What to produce: Reproduce the lines below verbatim. Pictures are to be omitted.

Data:
· · · ·
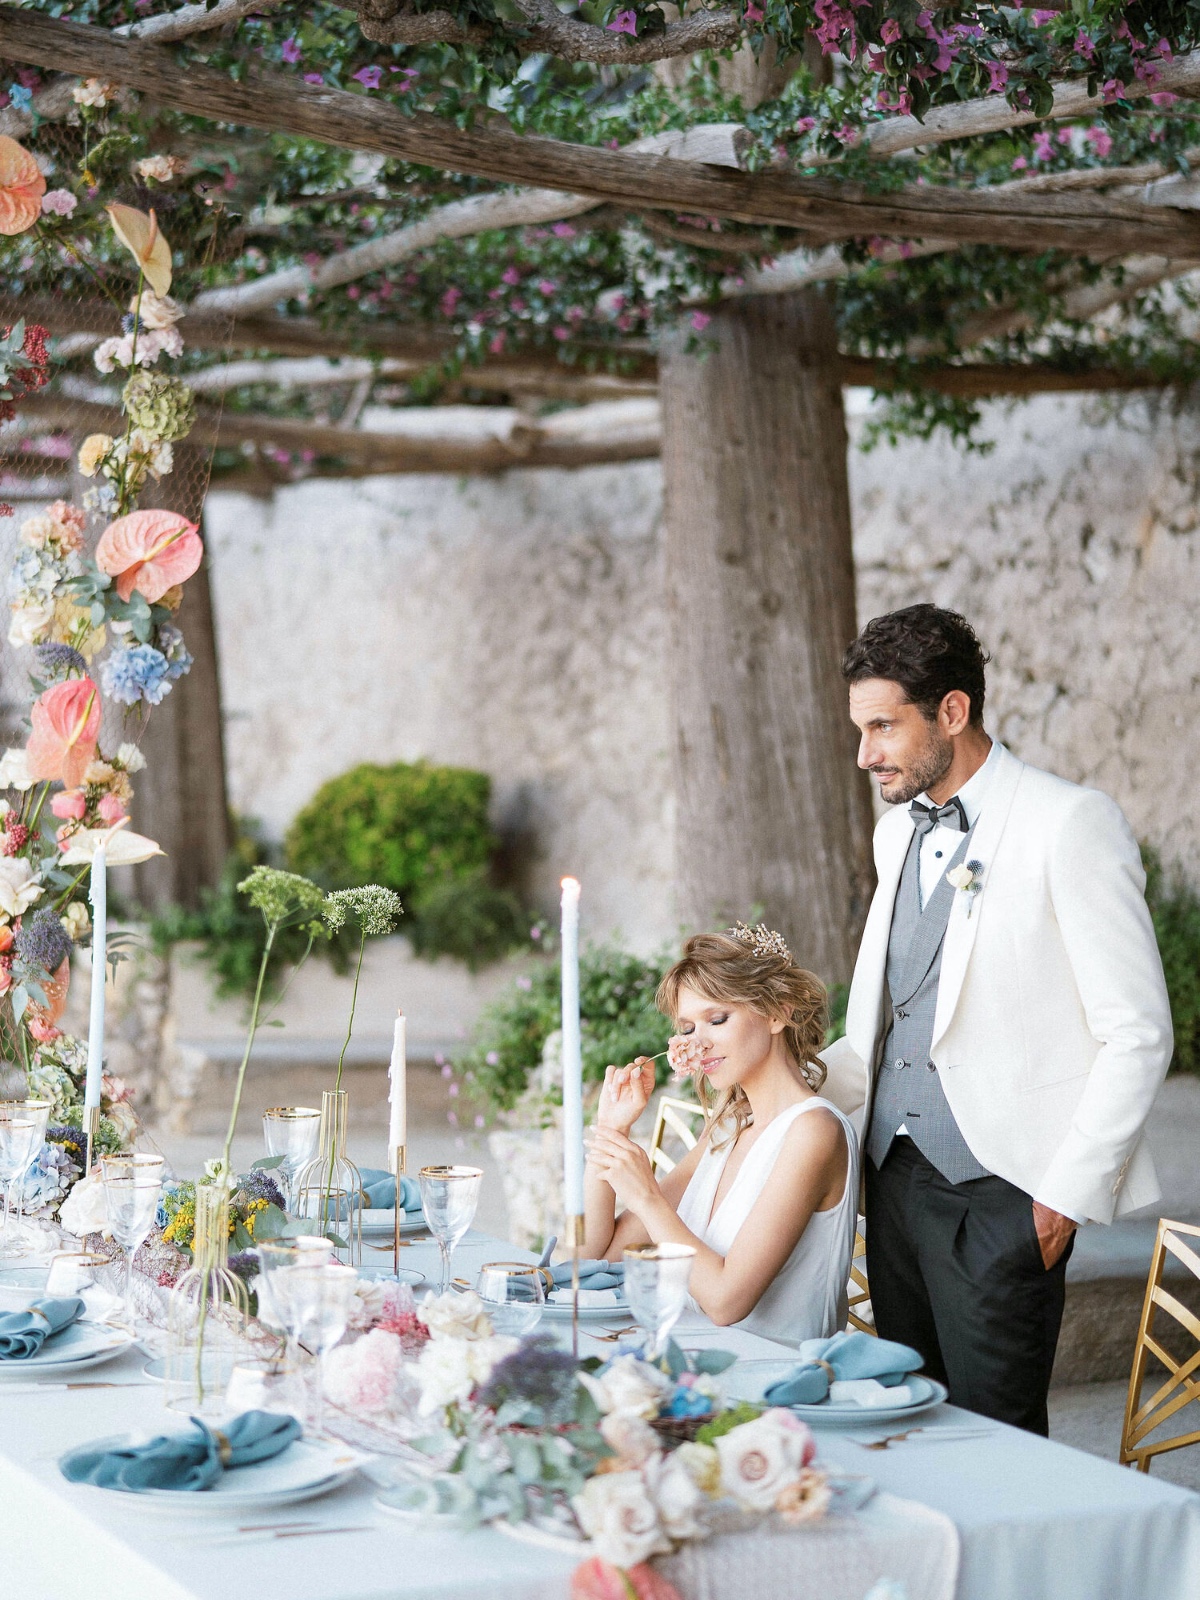 Breathtatking Blue and White Wedding On The Amalfi Coast
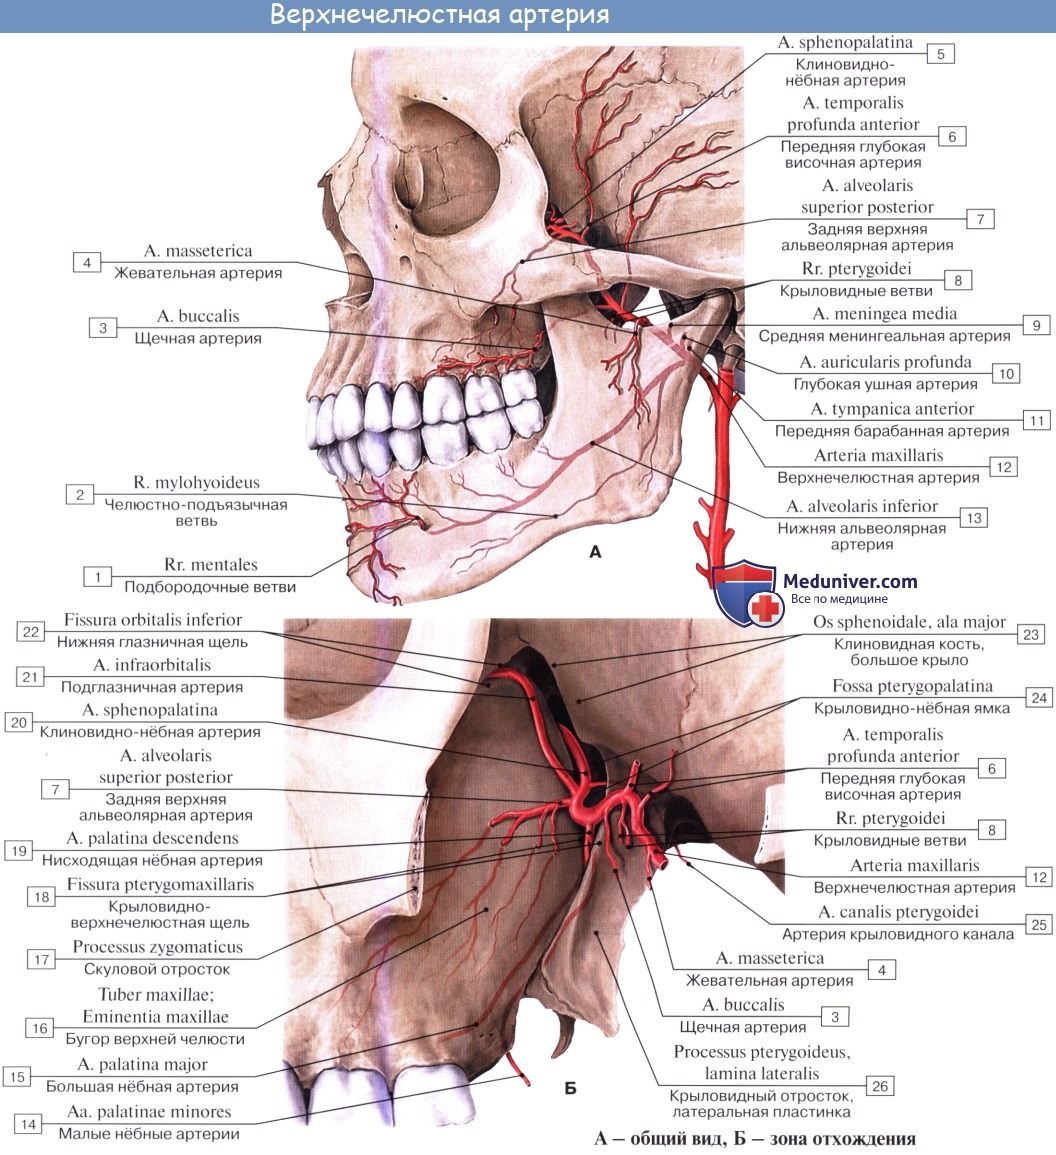 Анатомия: Ветви верхнечелюстной артерии. Отрезки верхнечелюстной артерии (a. maxillaris)
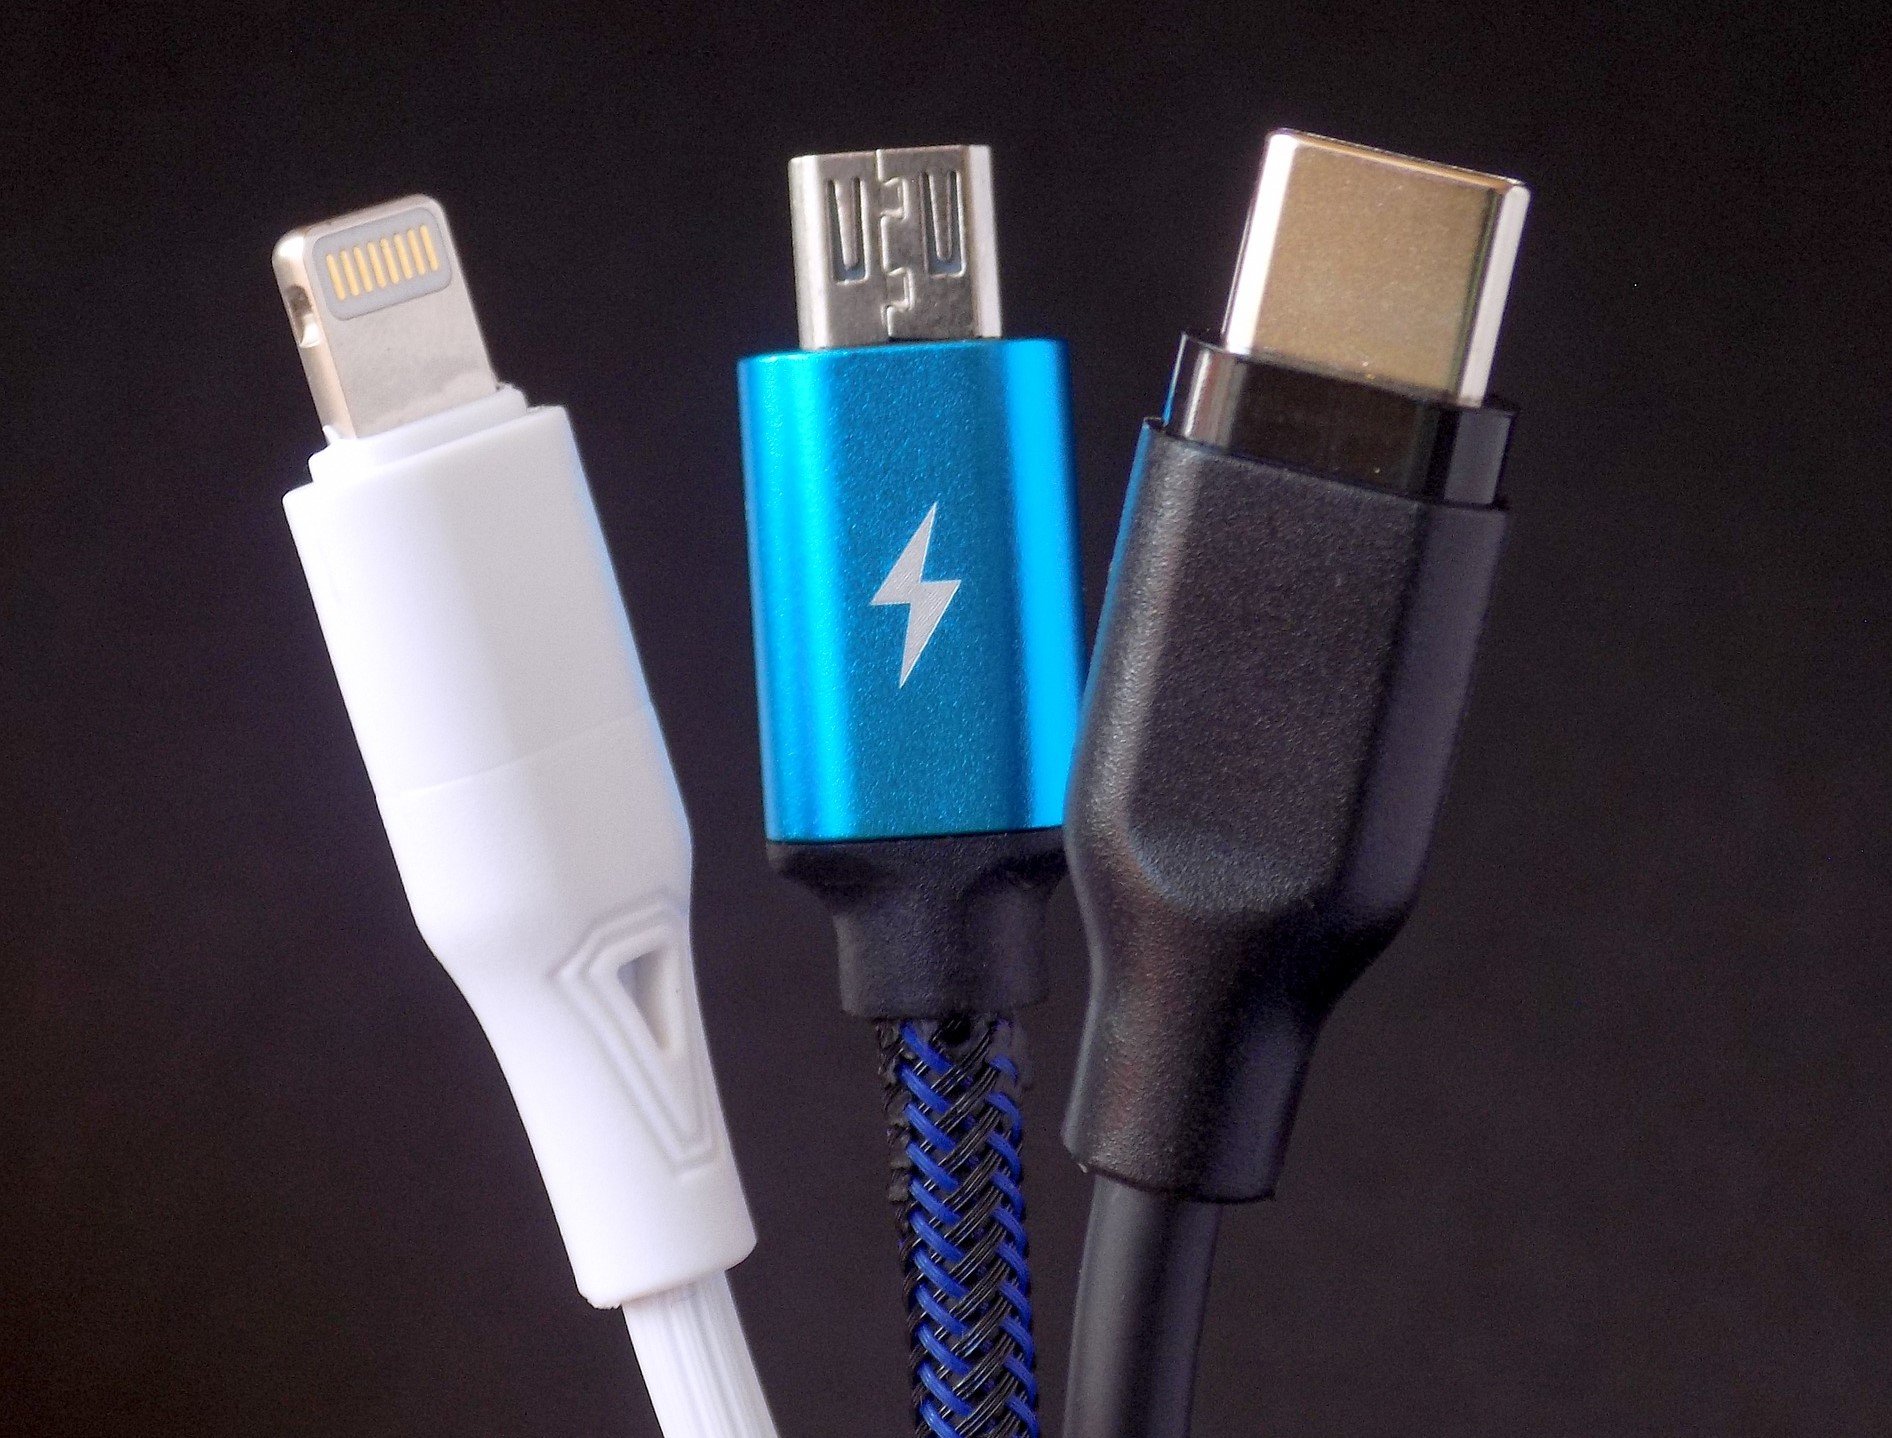 iPhone 12 : pas de chargeur mais un câble USB-C Lightning dans la
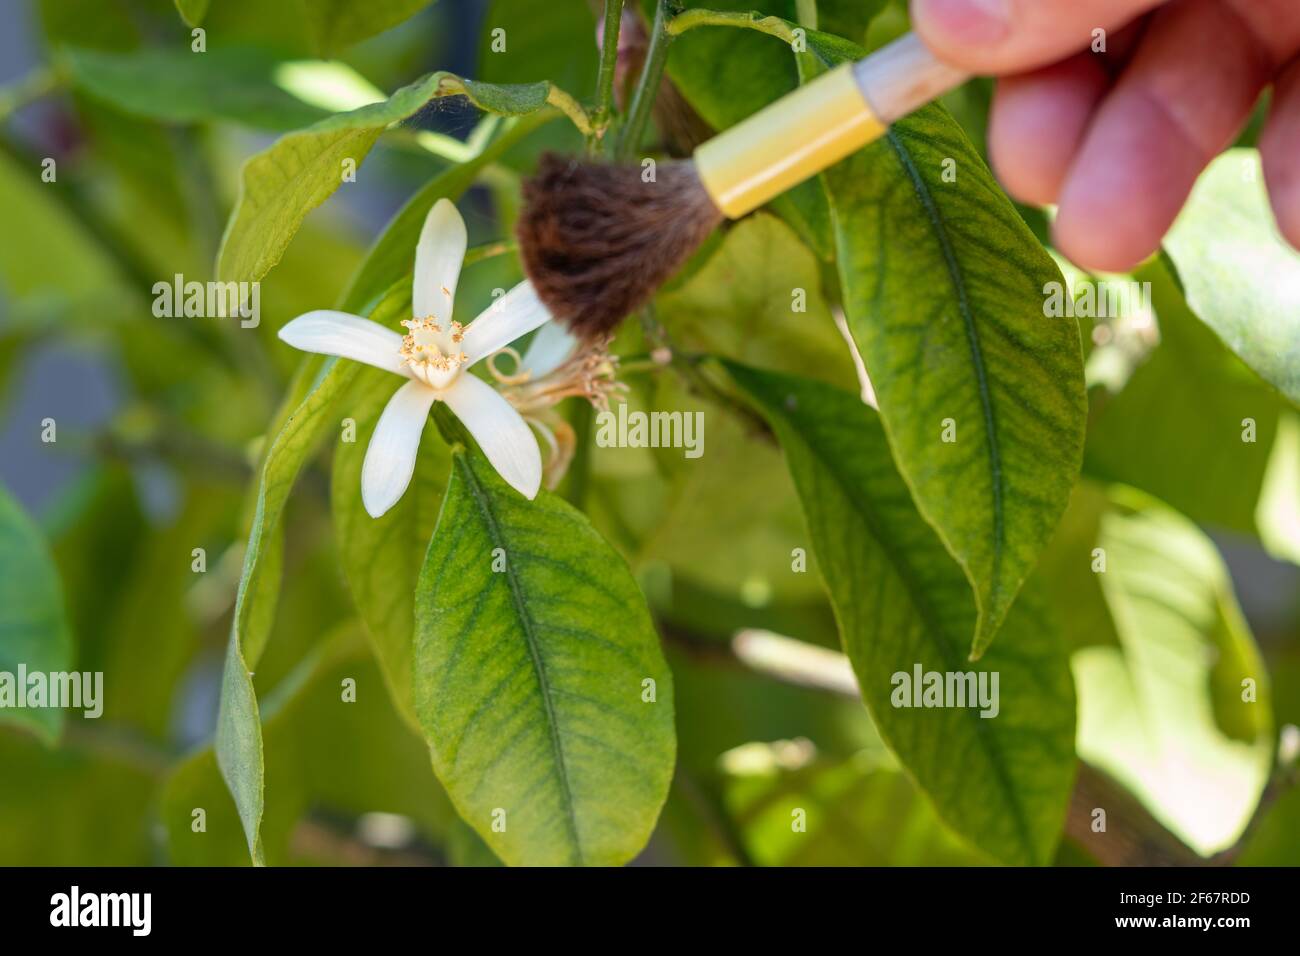 Impollinazione artificiale di fiori d'arancio con pennello. Il giardino serra ha bisogno di assistenza artificiale per aumentare la produttività. Mano con spazzola. Foto Stock
· · · ·
Result:
 Breathtatking Blue and White Wedding On The Amalfi Coast
 Анатомия: Ветви верхнечелюстной артерии. Отрезки верхнечелюстной артерии (a. maxillaris)
 iPhone 12 : pas de chargeur mais un câble USB-C Lightning dans la
 Impollinazione artificiale di fiori d'arancio con pennello. Il giardino serra ha bisogno di assistenza artificiale per aumentare la produttività. Mano con spazzola. Foto Stock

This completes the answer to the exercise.